◆ Task requirements: Below are the entries; output exactly the lines from the one containing "American Apparel Adult" through the final line, inclusive.
═════ Provided records
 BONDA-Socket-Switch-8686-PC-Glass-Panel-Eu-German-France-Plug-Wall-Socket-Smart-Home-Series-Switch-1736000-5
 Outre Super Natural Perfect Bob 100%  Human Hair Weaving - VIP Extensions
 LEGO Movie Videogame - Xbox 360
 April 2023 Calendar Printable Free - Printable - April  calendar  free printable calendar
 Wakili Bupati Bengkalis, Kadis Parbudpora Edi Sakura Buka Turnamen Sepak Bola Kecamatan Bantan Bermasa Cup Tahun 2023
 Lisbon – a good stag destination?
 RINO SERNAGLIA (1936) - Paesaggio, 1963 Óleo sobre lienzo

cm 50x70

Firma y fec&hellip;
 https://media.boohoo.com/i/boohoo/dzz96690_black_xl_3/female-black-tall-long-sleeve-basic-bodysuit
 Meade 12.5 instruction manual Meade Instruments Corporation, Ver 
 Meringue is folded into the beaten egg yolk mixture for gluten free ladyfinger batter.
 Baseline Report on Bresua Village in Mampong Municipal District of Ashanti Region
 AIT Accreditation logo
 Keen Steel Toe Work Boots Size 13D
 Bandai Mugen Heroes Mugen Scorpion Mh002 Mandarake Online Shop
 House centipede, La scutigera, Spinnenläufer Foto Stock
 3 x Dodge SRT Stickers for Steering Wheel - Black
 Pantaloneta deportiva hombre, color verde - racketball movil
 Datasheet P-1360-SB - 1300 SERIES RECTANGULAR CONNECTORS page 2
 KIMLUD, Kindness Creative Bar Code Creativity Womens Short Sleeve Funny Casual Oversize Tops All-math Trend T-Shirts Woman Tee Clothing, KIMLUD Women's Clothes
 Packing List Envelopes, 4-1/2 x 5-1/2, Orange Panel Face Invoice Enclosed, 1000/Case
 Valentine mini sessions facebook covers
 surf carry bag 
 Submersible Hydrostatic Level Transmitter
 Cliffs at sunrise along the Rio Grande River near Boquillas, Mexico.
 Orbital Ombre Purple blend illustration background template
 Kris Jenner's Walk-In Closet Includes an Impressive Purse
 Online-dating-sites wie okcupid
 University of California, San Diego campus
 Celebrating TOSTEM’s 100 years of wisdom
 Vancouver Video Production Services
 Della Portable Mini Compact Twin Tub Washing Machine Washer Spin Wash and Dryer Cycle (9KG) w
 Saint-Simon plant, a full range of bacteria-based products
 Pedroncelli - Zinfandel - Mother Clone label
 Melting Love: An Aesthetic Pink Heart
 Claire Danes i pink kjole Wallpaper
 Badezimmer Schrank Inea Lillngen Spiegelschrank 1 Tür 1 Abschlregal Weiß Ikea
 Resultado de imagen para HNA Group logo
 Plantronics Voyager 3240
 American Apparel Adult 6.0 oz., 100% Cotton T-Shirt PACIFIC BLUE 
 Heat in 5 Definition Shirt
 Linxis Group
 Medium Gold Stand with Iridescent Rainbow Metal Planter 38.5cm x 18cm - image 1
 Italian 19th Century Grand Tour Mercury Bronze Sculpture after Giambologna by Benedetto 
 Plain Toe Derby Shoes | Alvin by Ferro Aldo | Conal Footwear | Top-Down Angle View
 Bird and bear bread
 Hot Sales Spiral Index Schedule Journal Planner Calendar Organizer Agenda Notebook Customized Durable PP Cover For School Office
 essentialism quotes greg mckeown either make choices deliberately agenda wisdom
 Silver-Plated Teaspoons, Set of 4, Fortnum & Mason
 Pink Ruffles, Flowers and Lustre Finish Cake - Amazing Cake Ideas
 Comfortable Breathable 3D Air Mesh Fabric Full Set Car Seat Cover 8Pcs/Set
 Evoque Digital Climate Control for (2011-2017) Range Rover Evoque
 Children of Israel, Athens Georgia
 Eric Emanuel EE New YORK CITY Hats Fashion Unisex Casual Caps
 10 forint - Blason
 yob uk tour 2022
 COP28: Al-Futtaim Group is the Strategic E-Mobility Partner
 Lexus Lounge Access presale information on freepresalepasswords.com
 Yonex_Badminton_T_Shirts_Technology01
══════════
◆ Solution to this exercise:
 American Apparel Adult 6.0 oz., 100% Cotton T-Shirt PACIFIC BLUE 
 Heat in 5 Definition Shirt
 Linxis Group
 Medium Gold Stand with Iridescent Rainbow Metal Planter 38.5cm x 18cm - image 1
 Italian 19th Century Grand Tour Mercury Bronze Sculpture after Giambologna by Benedetto 
 Plain Toe Derby Shoes | Alvin by Ferro Aldo | Conal Footwear | Top-Down Angle View
 Bird and bear bread
 Hot Sales Spiral Index Schedule Journal Planner Calendar Organizer Agenda Notebook Customized Durable PP Cover For School Office
 essentialism quotes greg mckeown either make choices deliberately agenda wisdom
 Silver-Plated Teaspoons, Set of 4, Fortnum & Mason
 Pink Ruffles, Flowers and Lustre Finish Cake - Amazing Cake Ideas
 Comfortable Breathable 3D Air Mesh Fabric Full Set Car Seat Cover 8Pcs/Set
 Evoque Digital Climate Control for (2011-2017) Range Rover Evoque
 Children of Israel, Athens Georgia
 Eric Emanuel EE New YORK CITY Hats Fashion Unisex Casual Caps
 10 forint - Blason
 yob uk tour 2022
 COP28: Al-Futtaim Group is the Strategic E-Mobility Partner
 Lexus Lounge Access presale information on freepresalepasswords.com
 Yonex_Badminton_T_Shirts_Technology01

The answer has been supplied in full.